Maternal death rate 'up to four times higher than CSO figures'

A report by a HSE-endorsed body on maternal deaths says our maternal death rate is significantly higher than official figures show.

IRELAND’S RATE of maternal deaths is still among the lowest in the world – but is up to four times higher than may be suggested by figures from the Central Statistics Office, a new report has claimed.

A triennial report from the Maternal Death Enquiry (MDE), which aims to apply international standards to figures for maternal deaths in the UK and Ireland, says there were 25 maternal deaths in the three years between 2009 and 2011.

In the same period, the CSO’s figures for deaths in ‘pregnancy, childbirth or puerperium’ (the period following childbirth) show that only six women had died in the same period – with three deaths in 2009, one in 2010 and two in 2011.

Of the 25 maternal deaths suggested by the MDE, six are classified as direct maternal deaths and thirteen as indirect maternal deaths, while the remaining six are attributed to ‘coincidental causes’.

When the third category is discounted, MDE believes Ireland’s maternal death rate for 2009 and 2010 is about 8.0 per 100,000 maternities – twice the CSO’s official figure for 2009.

Of the six deaths which came directly as as a result of maternity, three were caused by a pulmonary embolism, one by an amniotic fluid embolism, one by a uterine rupture, and one who suffered the failure of multiple organs as a result of HELLP syndrome, which is similar to pre-eclampsia.

MDE said it was encouraged to see that there were no deaths attributable to haemorrhage, complications from anaesthetic or hypertensive disease, which are all longstanding and more common causes of maternal deaths.

However, the presence of deaths as a result of various types of thrombosis posed a concern, it said.

Of the 13 indirect deaths, five were caused by cardiovascular disease and two by suicide. Two died from the H1N1 (‘swine flu’) strain of influenza, two from epilepsy, two from chronic and obstructive pulmonary disease, and one from excessive bleeding from esophageal varices.

Two of the six women who died coincidentally to maternity died of metastatic cancer, two from substance abuse, one from lymphoma and one died in a traffic accident.
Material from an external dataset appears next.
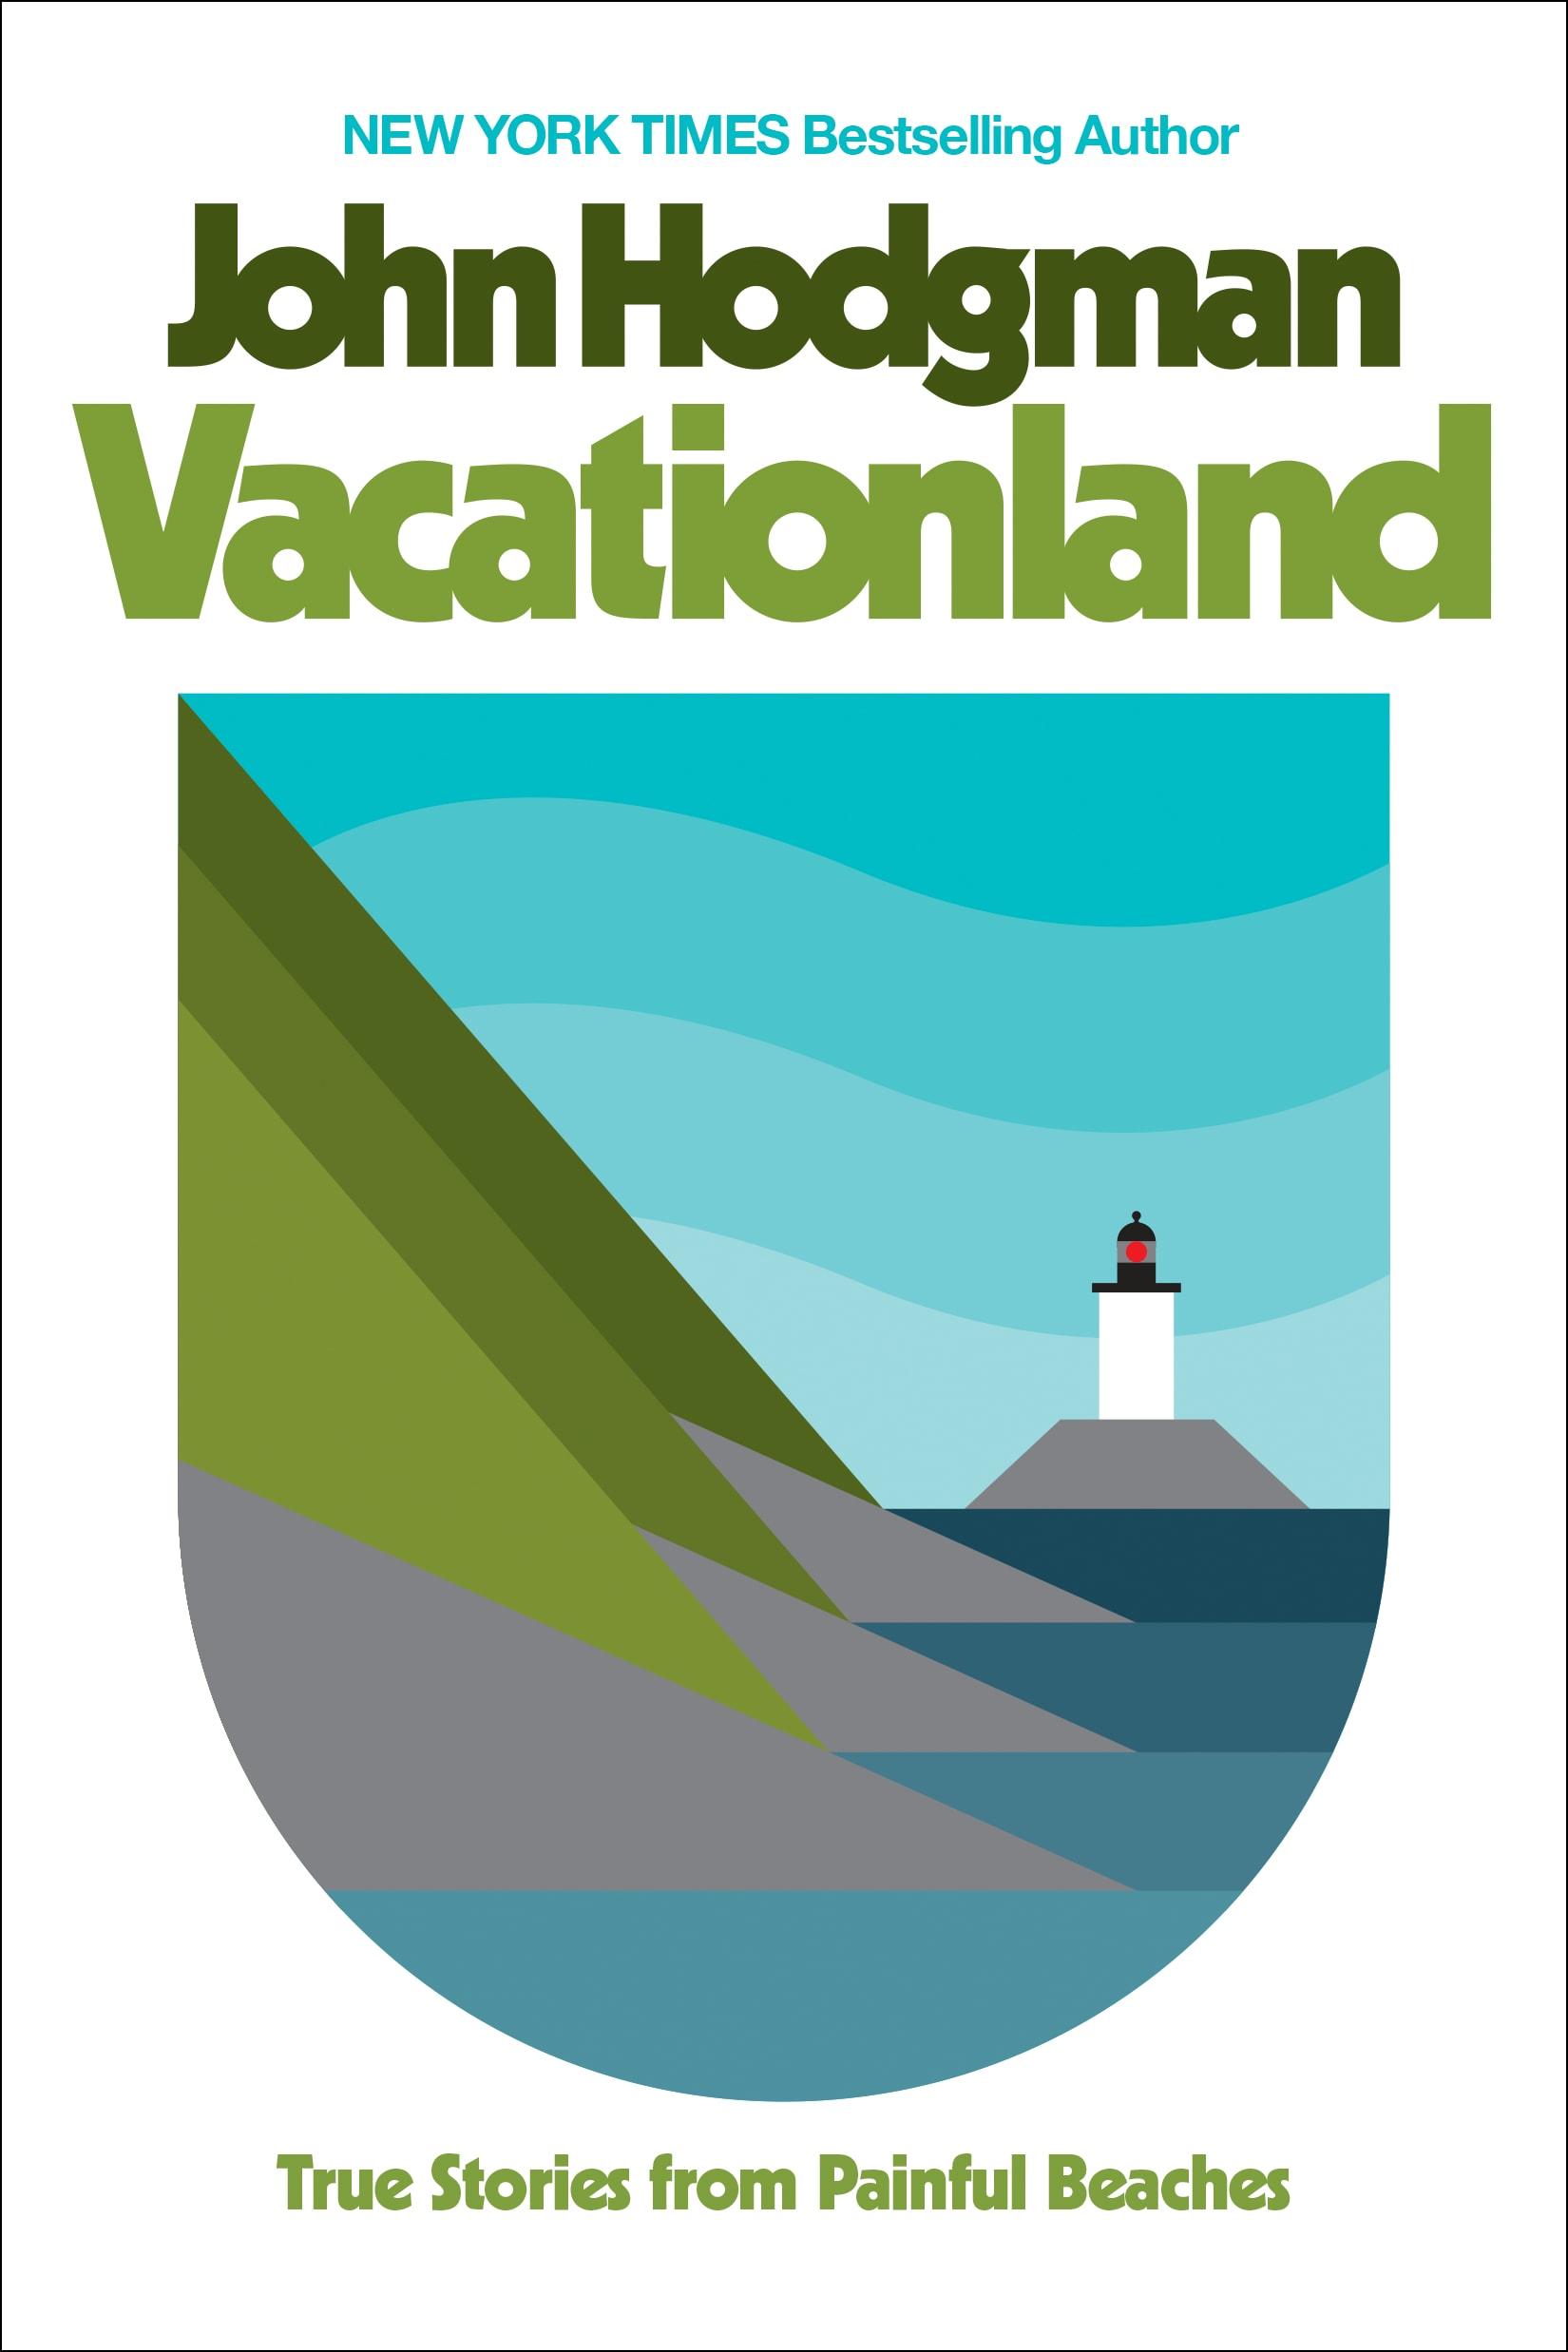 In 'Vacationland,' John Hodgman confronts surrealism of adult life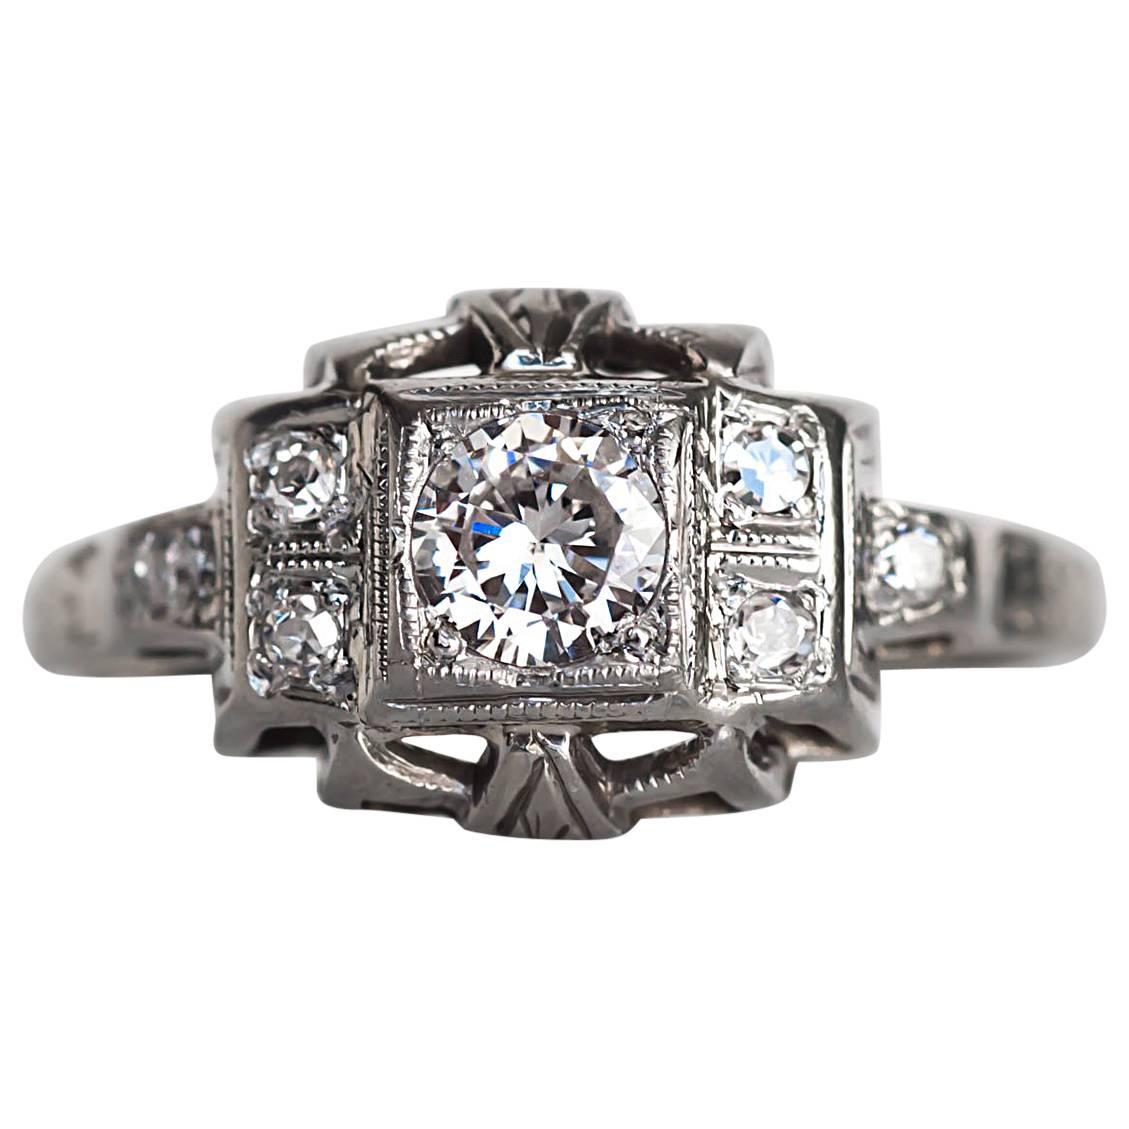 1930s Art Deco White Gold .24 Carat Diamond Engagement Ring

Though non-Irish women account for a quarter of all Irish maternities, MDE Ireland’s report said they accounted for 40 per cent of the deaths identified in its 2009-2011 report – a similar figure to the previous report in for 2006-2008.

The report makes six recommendations, one of which is the inclusion of a question on pregnancy status at the death on a coroner’s death certificate.

The report also recommends considering the founding of a perinatal psychiatry mother-and-baby unit in Ireland.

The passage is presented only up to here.